Advisors who create their own postcard mailers know they shouldn’t include misleading or false statements. If they do, they will surely find out when they submit their content to their broker-dealers or insurance companies for approval. But what about when third-party lead-generation firms develop the content? Are agents (and companies) off the legal hook when they hire third parties to drum up leads? Definitely not, based on a recent enforcement action from the Kansas Insurance Department.

According to its consumer alert, the department levied a $5,000 fine and a cease-and-desist order against an Ohio insurance marketing firm for its illegal activities in Kansas. The department found that Lead Generating Systems, LLC, solicited consumers using deceptive postcards in violation of the state’s unfair trade practices law. The recent action follows the company’s 2012 fine for a similar violation. The company has done business as Smart Leads; Unlimited Fulfillment Services, LLC; Annuity Leads; and Annuity Leads Today.

Apparently, the postcards misled recipients into believing their financial well-being was in jeopardy because their current annuity was at the end of its surrender period. The department ruled that a small-print disclaimer was not sufficient to outweigh the card’s deceptive intent.

In its 2012 bulletin, the department debunked the belief that using third-party solicitations insulated an advisor from wrongdoing. “The fact that these advertisements originate with third-party…entities does not create a ‘regulatory buffer’ between the department and insurance companies and/or their agents,” the department said. “Insurance companies and/or their agents are responsible for the content of advertisements distributed directly and on their behalf and are subject to potential regulatory action for the failure of any advertisement to comply with Kansas law.”

Although other states may be more lenient than Kansas on this issue, the National Ethics Association suggests advisors carefully review third-party solicitation content to make sure it complies with state laws and regulations.
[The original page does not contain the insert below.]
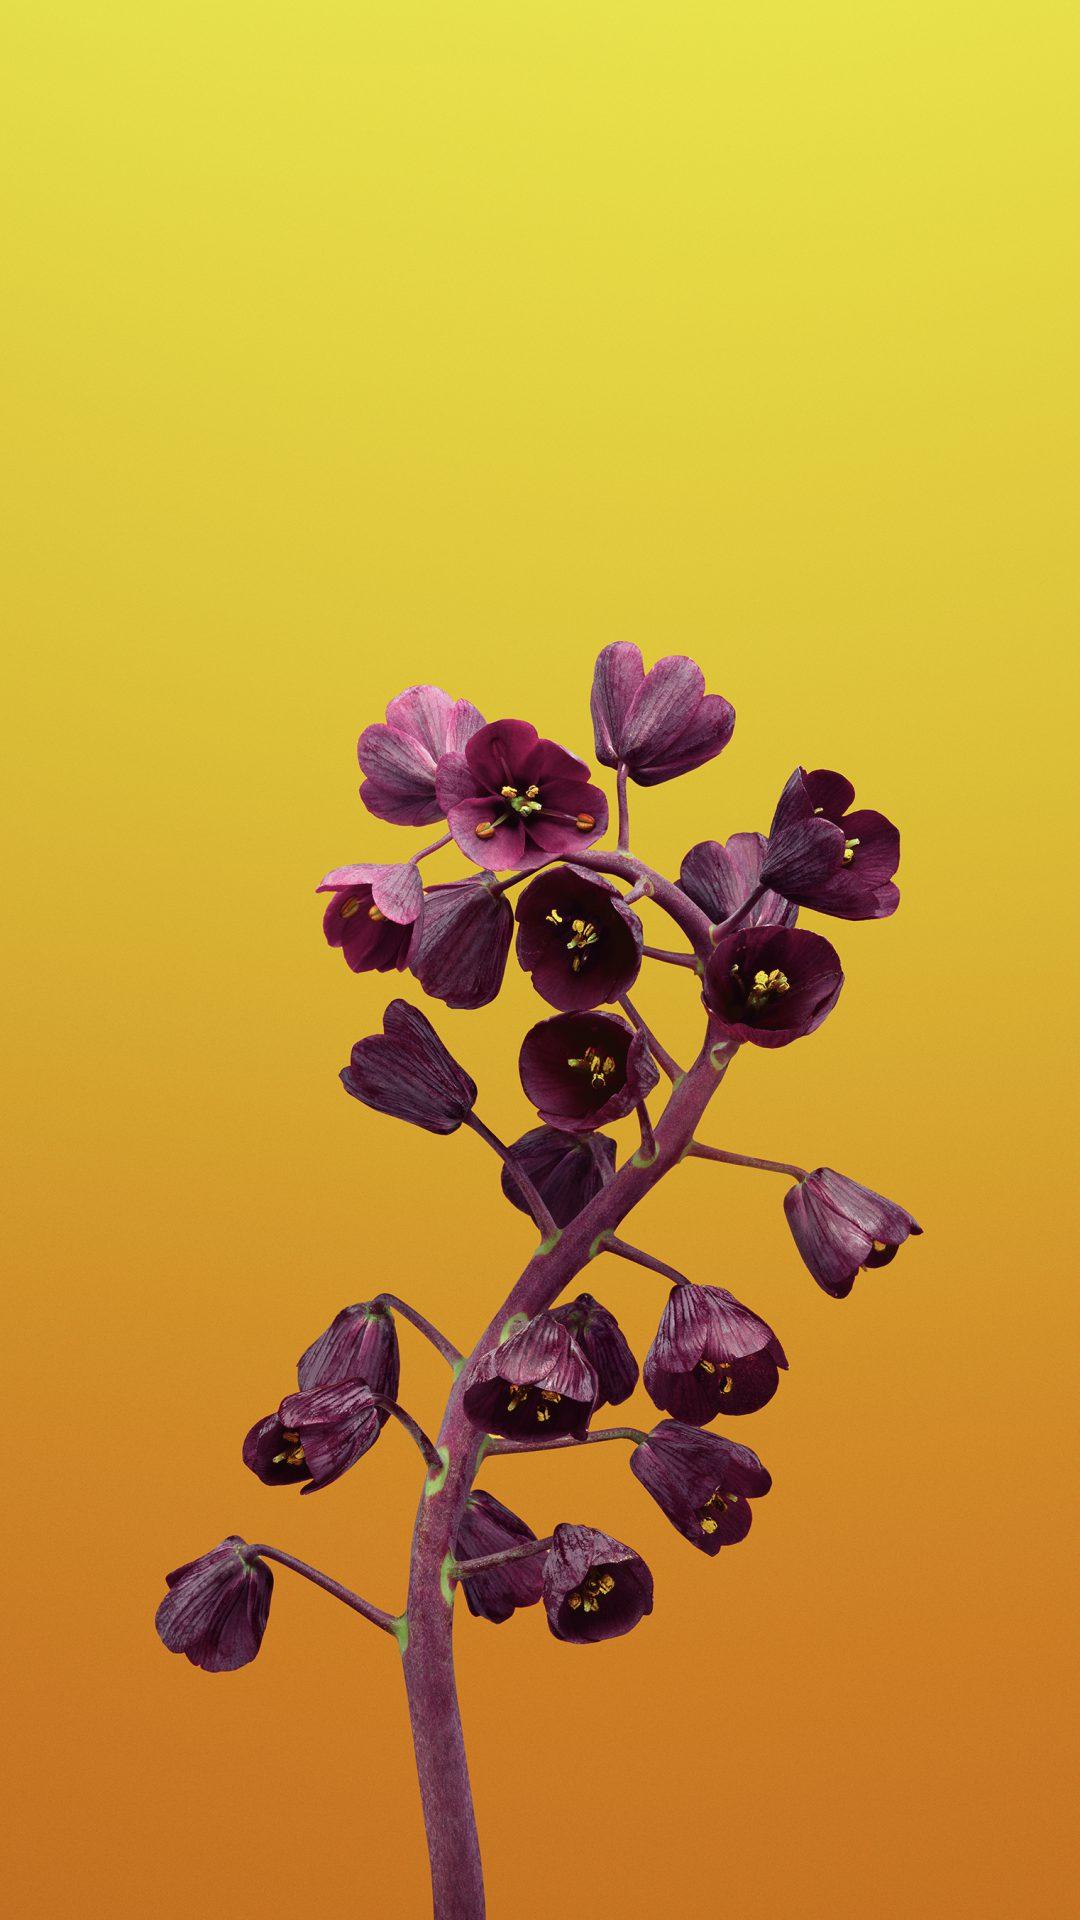 Flower FRITILLARIA

When in doubt, they should have their compliance officers review the material prior to distribution.

Finally, although a $5,000 fine may seem insignificant, some experts argue that using a non-compliant mailing may taint resulting sales, exposing the agents and their insurers to downstream liability. In this light, advisors should do their due diligence on third-party lead-generation content prior to mailing. As always, it’s better to be safe than sorry.